Re: Taking a function or delegate as argument.

[simendsjo]

On 10.01.2012 14:43, Mike Parker wrote:
On 1/10/2012 10:05 PM, simendsjo wrote:
If I want to have a method taking a callback function, I have to specify
if it should take a function or delegate even if I don't really care.
What's the best way to accept either?

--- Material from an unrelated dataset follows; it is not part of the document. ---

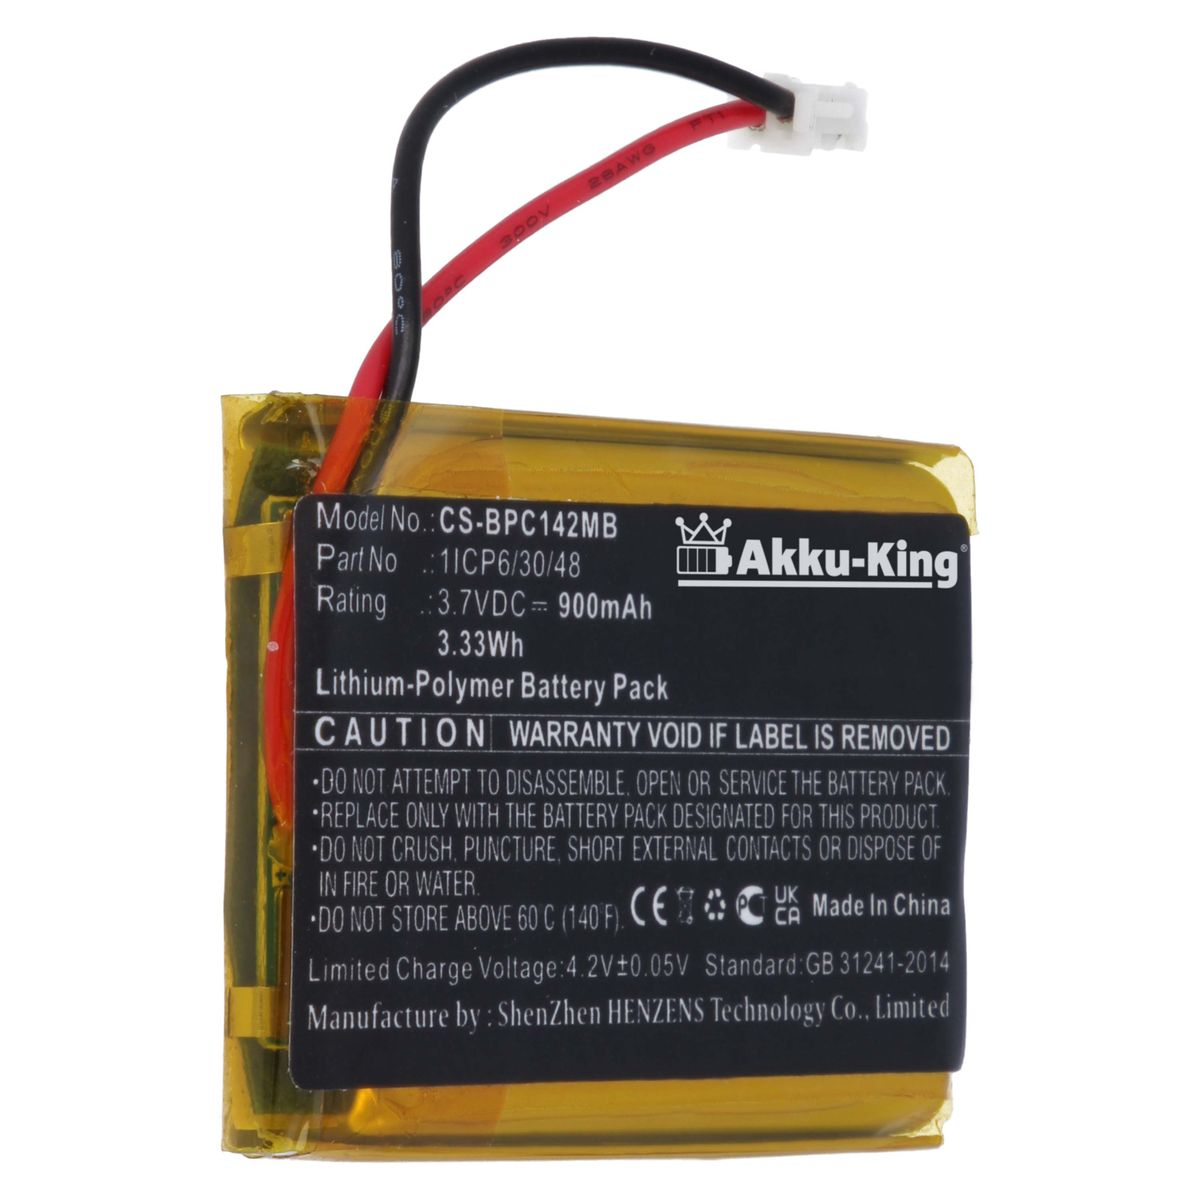 AKKU-KING Akku kompatibel mit 3.7 Volt, Li-Polymer Babymoov 900mAh 1ICP6/30/48 Geräte-Akku

I cannot see any wrapper for
something like this in std.typecons.

The simple way:

void callback(int i, void delegate(int) dg)
{
dg(i);
}

void callback(int i, void function(int) fn)
{
void wrap(int j)
{
function(j);
}
callback(i, &wrap);
}

I tried the following, but I get some error messages:

h(9, (int i) { writeln(i); });

t.d(46): Error: template t.h(F) if (isCompatibleFunction!(F,void 
function(int))) does not match any function template declaration
t.d(46): Error: template t.h(F) if (isCompatibleFunction!(F,void 
function(int))) cannot deduce template function from argument types 
!()(int,void delegate(int))


template isCompatibleFunction(Src, Dest) {
    static assert(isSomeFunction!Src, "Source is not a function");
    static assert(isSomeFunction!Dest, "Destination is not a function");
    enum bool isCompatibleFunction =
        is(ParameterTypeTuple!Src == ParameterTypeTuple!Dest) &&
        is(ParameterStorageClassTuple!Src == 
ParameterStorageClassTuple!Dest) &&
        is(ReturnType!Src == ReturnType!Dest);
}

void h(F)(int i, F callback) if(isCompatibleFunction!(F, void 
function(int))) {
    callback(i);
}